SinarPost.com, Banda Aceh – Bank Indonesia (BI) Provinsi Aceh terus berupaya mengantisipasi peningkatan laju inflasi di Tanah Rencong pada tahun ini yang diperkirakan masih tinggi, terutama dari kelompok volatil food (komponen bergejolak).
Kepala Perwakilan BI Aceh, Rony Widijarto mengatakan, inflasi Aceh pada tahun 2023 terendah secara nasional yakni 1,53 persen, sedangkan inflasi nasional sebesar 2,61 persen. Oleh karena itu, pada tahun ini terdapat risiko base effect pada inflasi yang perlu diantisipasi.

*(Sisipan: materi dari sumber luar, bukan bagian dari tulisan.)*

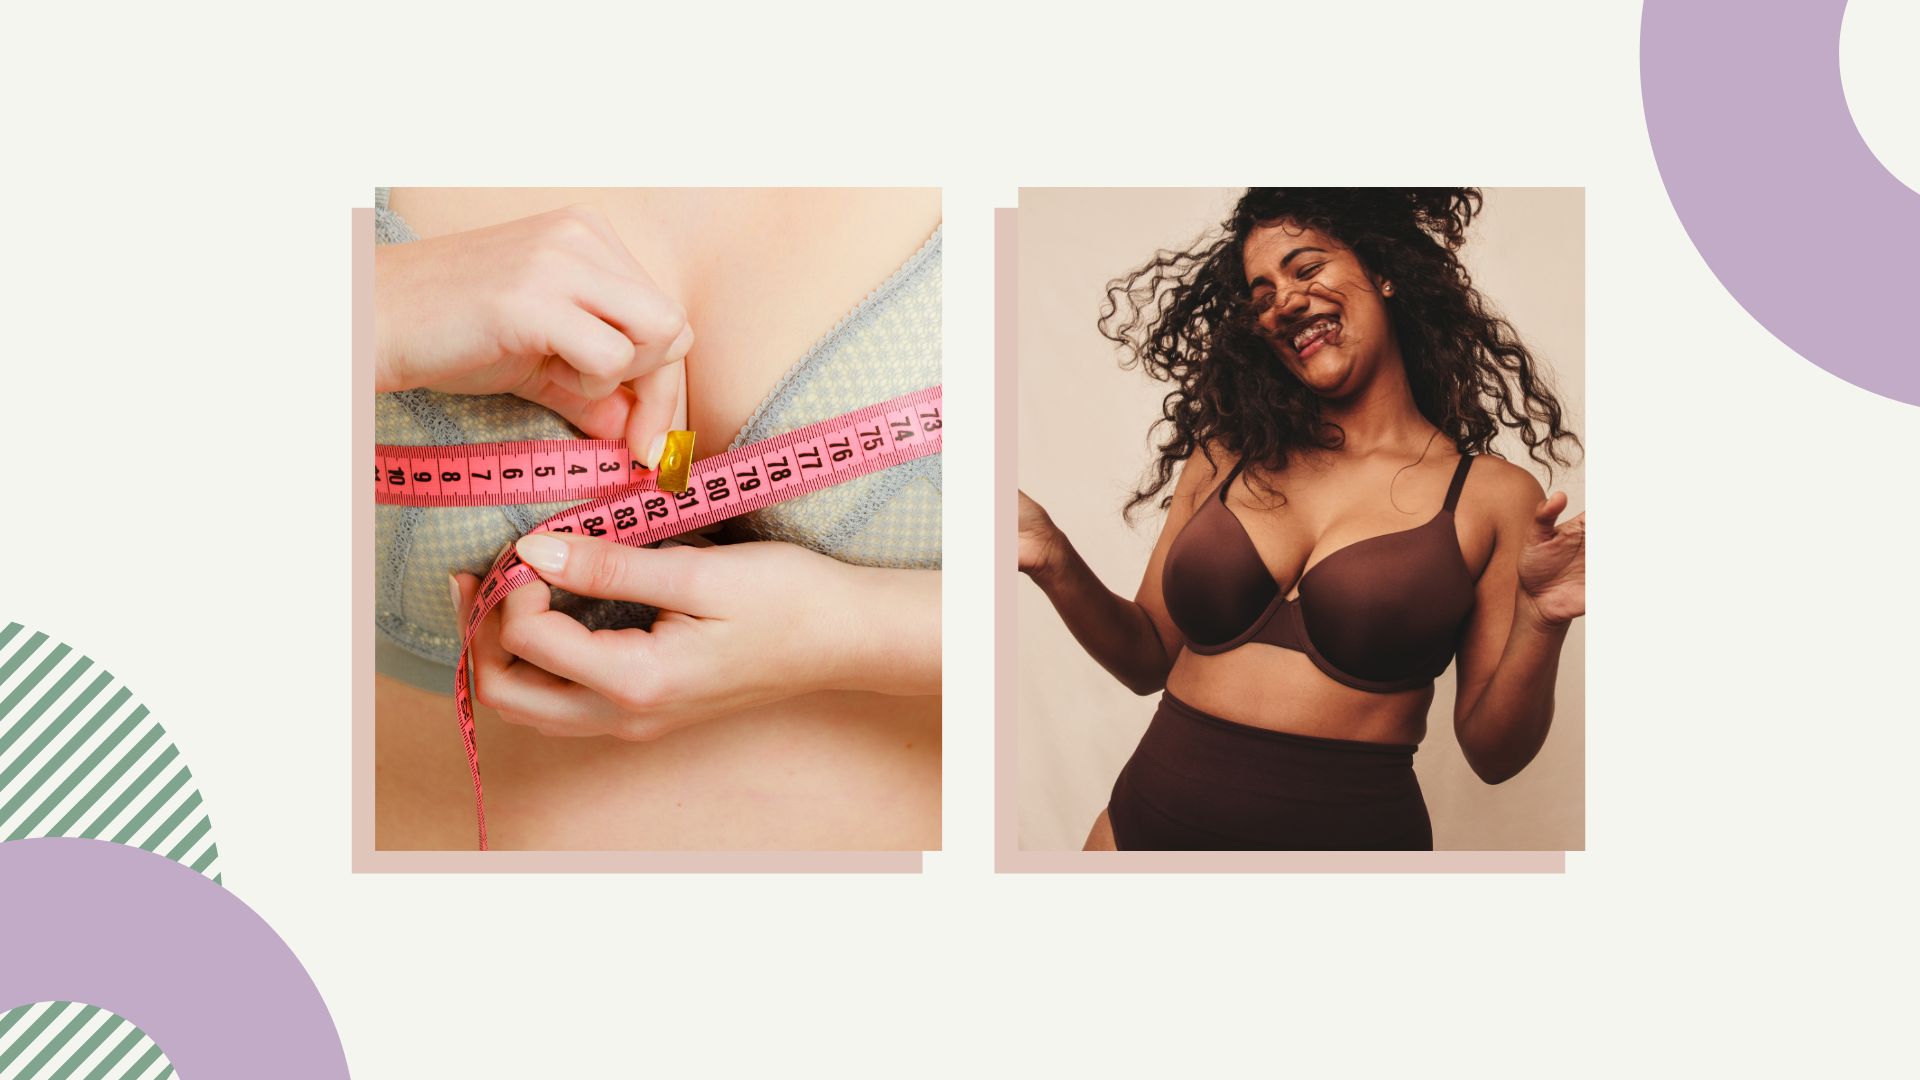 How to measure bra size at home: A simple 4-step guide

“Inflasi Aceh (2023) terendah secara nasional. Dan itu juga menembus batas bawah. Artinya, sangat berat untuk menjaga inflasi dalam level yang sama,” kata Rony, Jumat (26/4/2024).

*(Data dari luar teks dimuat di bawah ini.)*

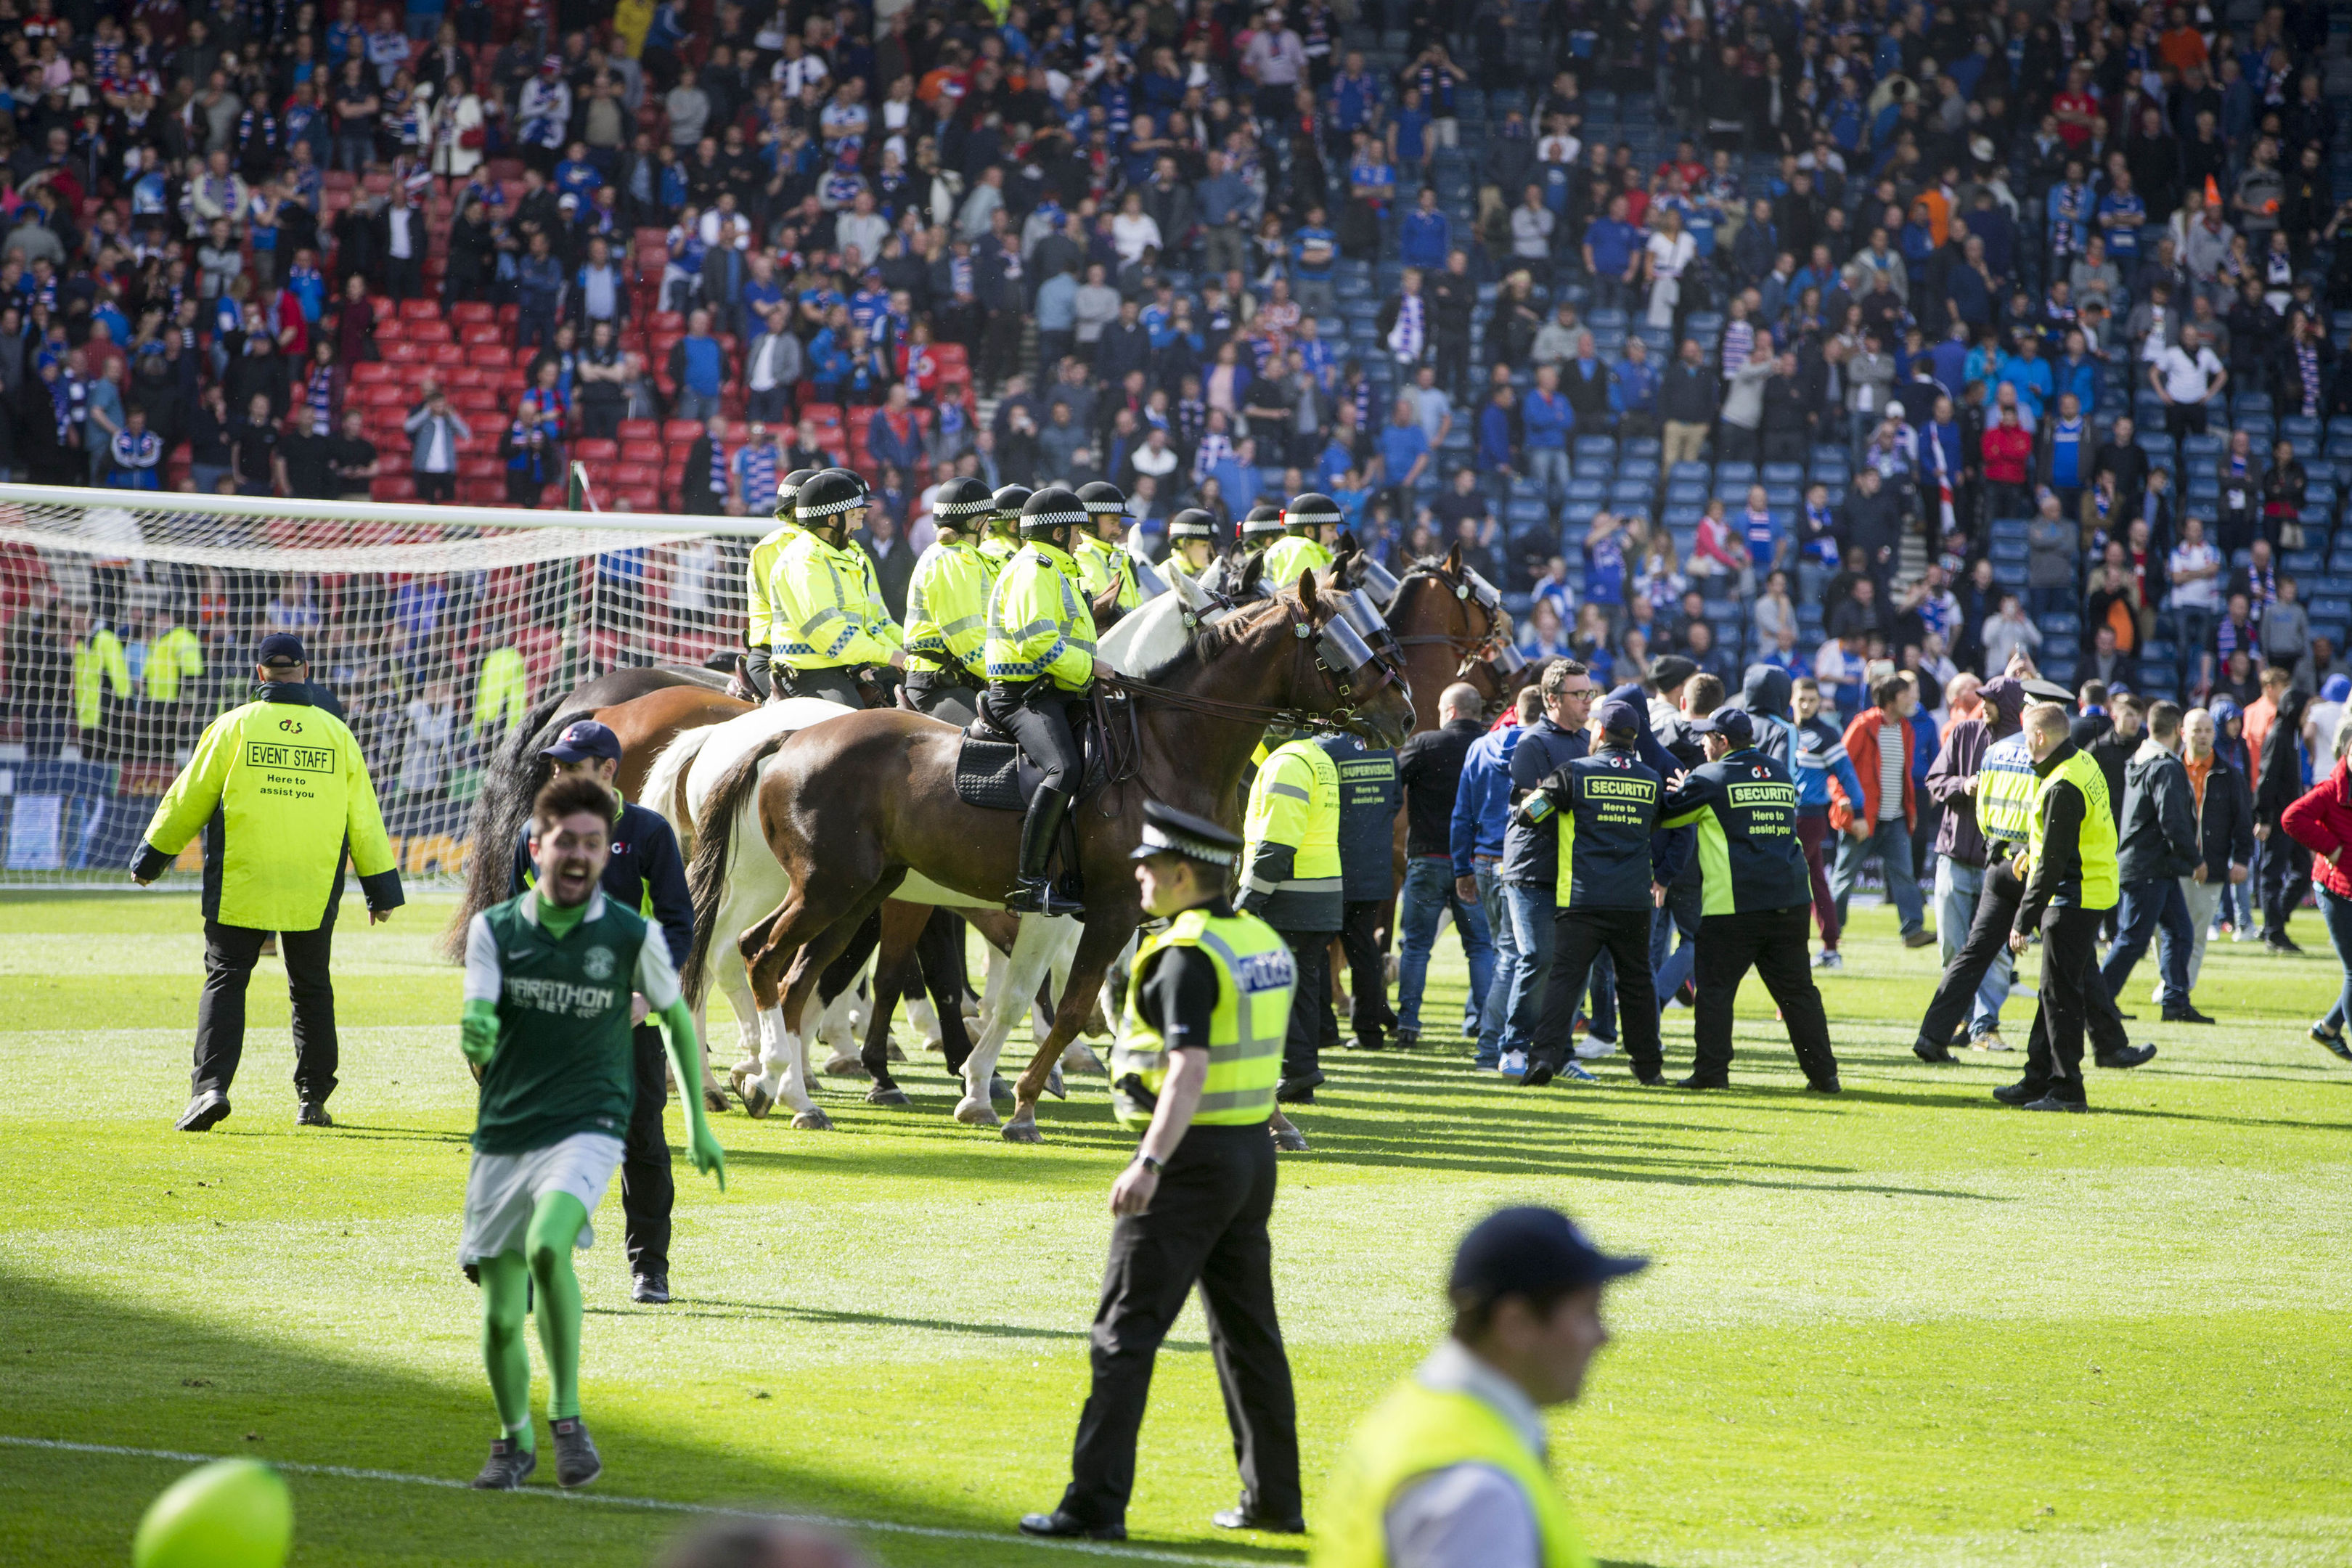 Police horses trying to guide fans off the pitch.

Dia menjelaskan, pada Maret 2024, inflasi Aceh sebesar 3,25 persen secara tahunan (year-on-year/yoy) atau 0,48 persen secara bulanan (month-to-month/mtm).
Inflasi Aceh masih berada pada target inflasi nasional 2,5 plus minus 1 persen, meski di tengah penambahan Indeks Harga Konsumen (IHK) kota baru dan perubahan tahun dasar.

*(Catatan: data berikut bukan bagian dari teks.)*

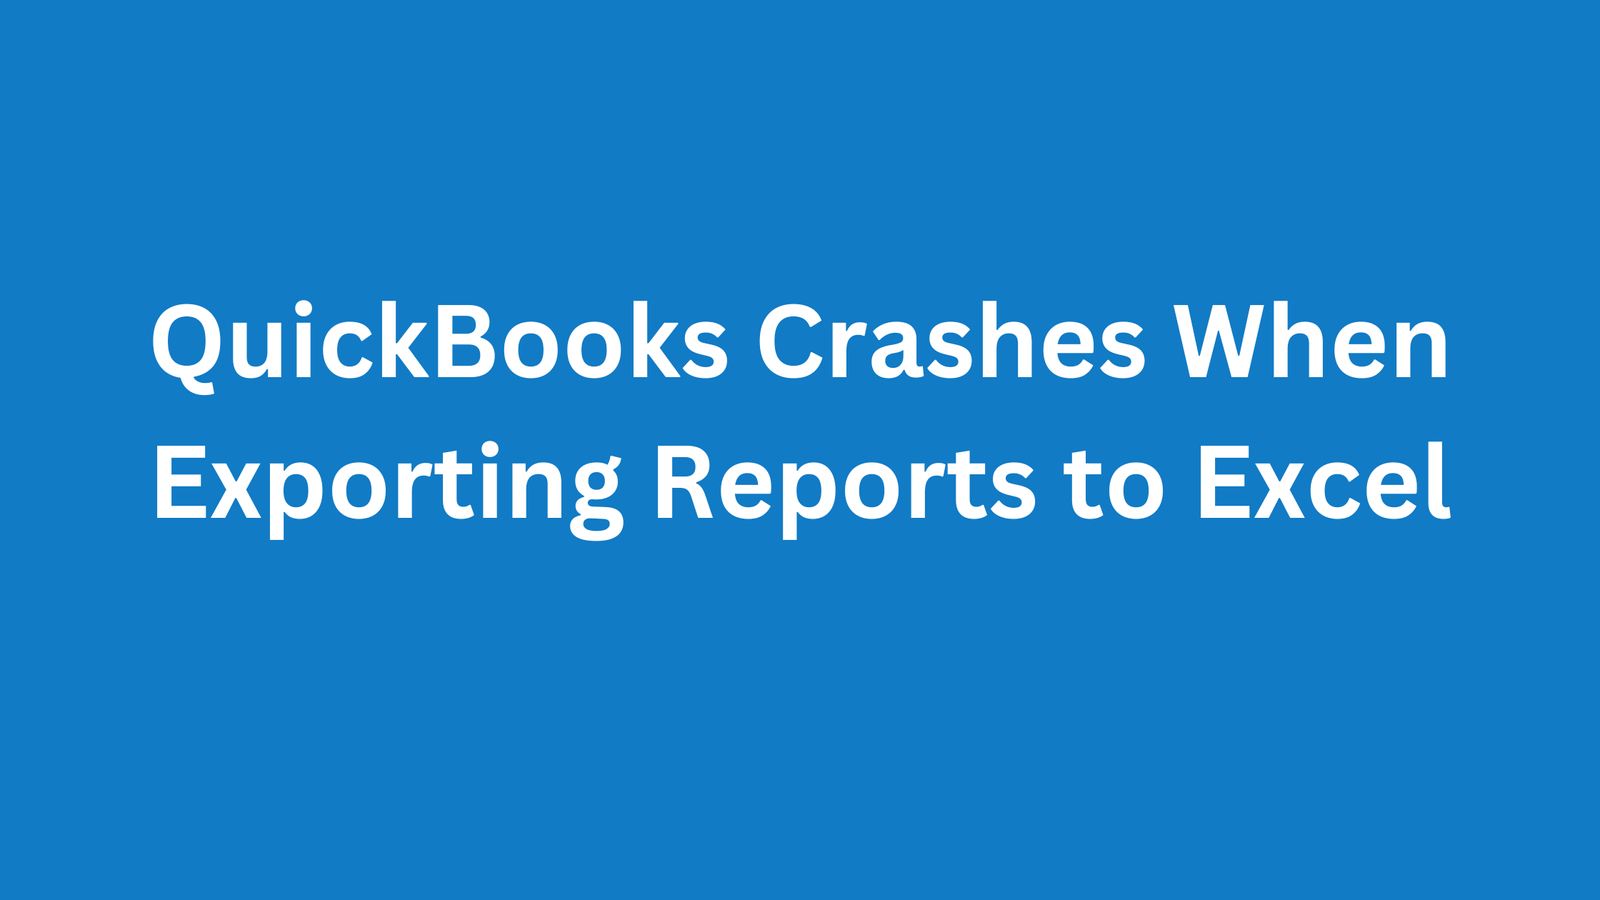 You are currently viewing QuickBooks Crashes When Exporting Reports to Excel

Namun demikian, IHK kabupaten/kota baru perlu diwaspadai karena cenderung memiliki inflasi yang tinggi secara yoy jika melihat pola inflasi Januari-Maret 2024.
Sebab itu, menurut Rony, upaya pengendalian inflasi terus dilakukan di Aceh bersama Tim Pengendalian Inflasi Daerah (TPID) di setiap daerah dengan terus mengimplementasikan strategi 4K yakni keterjangkauan harga, ketersediaan pasokan, kelancaran distribusi, dan komunikasi efektif.
“Artinya barang akan stabil mulai dari hulunya, bagaimana distribusinya, tidak ada hambatan di tempat lain, sampai ke masyarakat, di pasar tradisional dijaga dengan harga yang terkendali dalam sasaran. Sasaran sekarang lebih rendah lagi yaitu 2,5 plus minus 1 persen,” ujarnya.
Saat ini, ada lima kota IHK di Aceh yakni Banda Aceh, Lhokseumawe, Aceh Barat, Aceh Tamiang dan Aceh Tengah. Penambahan dua kota inflasi yaitu Aceh Tengah dan Aceh Tamiang mulai 2024 ini sebagaimana tindak lanjut dari tahun dasar baru.